3. Passing Notes In Class. Don’t we all remember that nervous tingle when we successfully passed a note to a friend in class? Not anymore. There is Snapchat, texting, Twitter, Facebook, etc. It is now so easy to communicate covertly. It just doesn’t seem as exciting.

4. Playing Outside. Kids still play outside but if they are super into their Smartphones and tablets, it becomes more an obligation than an exciting activity. I mean, that Play 60 campaign being put on by the NFL- did anyone need to convince you to play outside for an hour when you were a kid? To get you to move and up off the couch? Hell no. It was all I wanted to do.

5. Anonymity. Parents start putting pictures of their kids on the internet for upvotes beginning with that first ultrasound photo. Kids mostly don’t have the option to be non-existent on the internet.

6. Using Books For Research. I used to love going to the library to track down books for my schoolwork. There was something about carrying home a stack of books and weeding through them that a quick Google cannot match. Of course, it’s easier now- but is easier always better?

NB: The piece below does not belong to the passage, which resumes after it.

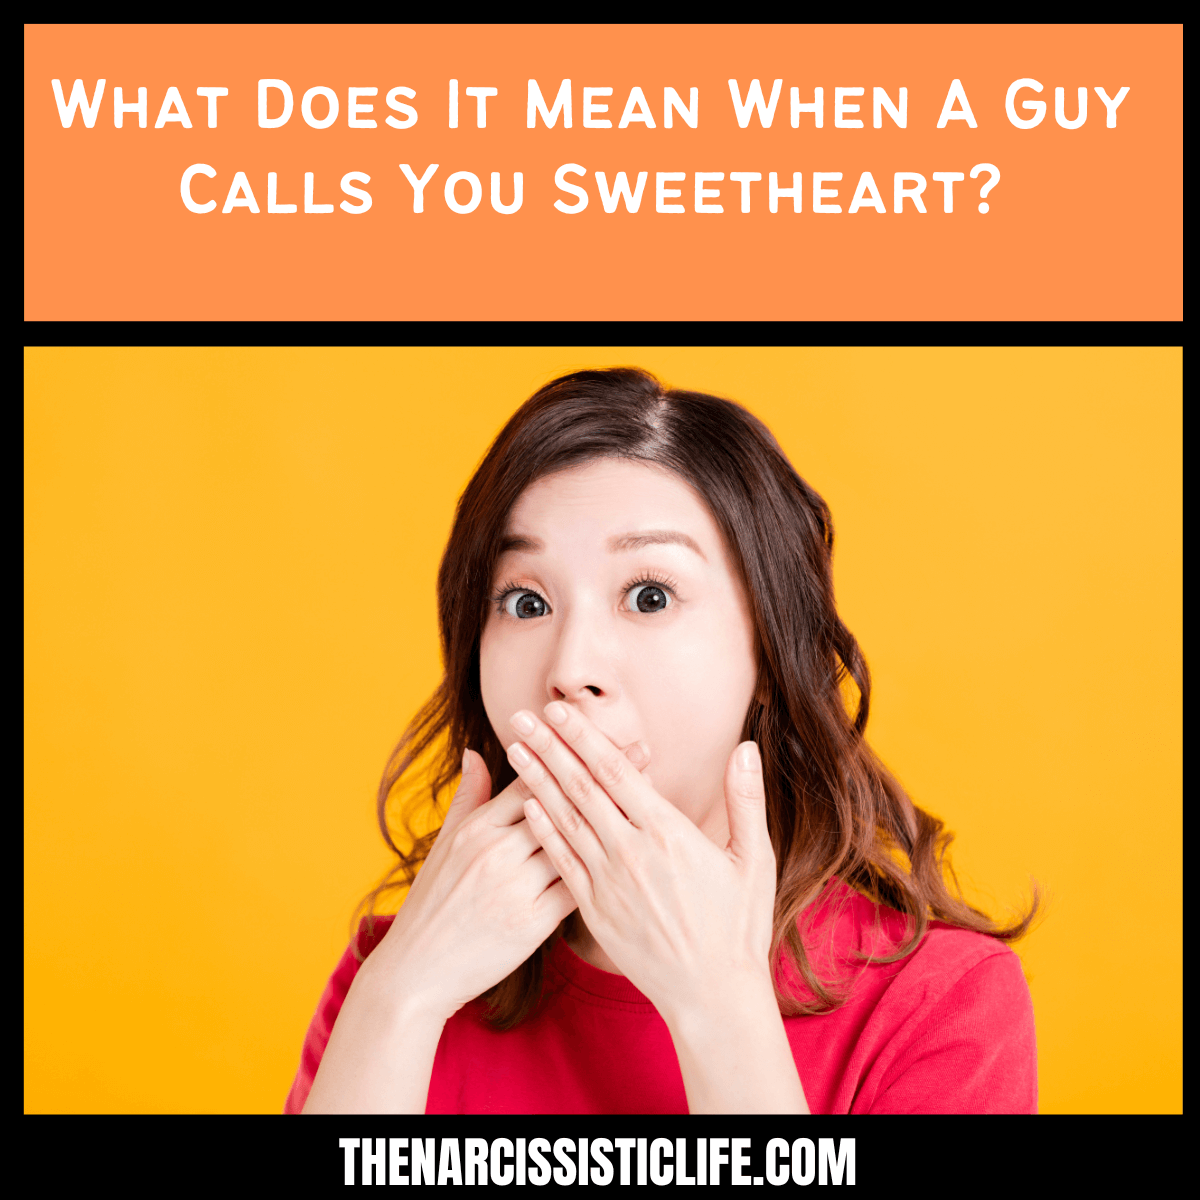 What Does It Mean When A Guy Calls You Sweetheart

7. Not Knowing What Your Friends Did On Weekends Until Monday. I can remember as a teen feeling a pressure on weekends to do something fun but even on my “loser” weekends where I sat at home I had no way of knowing if my peers were having more fun than I was until the weekend was over. Now, Instragram is loaded with pictures and kids can see who is hanging out with whom, and possibly, discovering they have been left out. Ah, blissful ignorance was not a bad thing.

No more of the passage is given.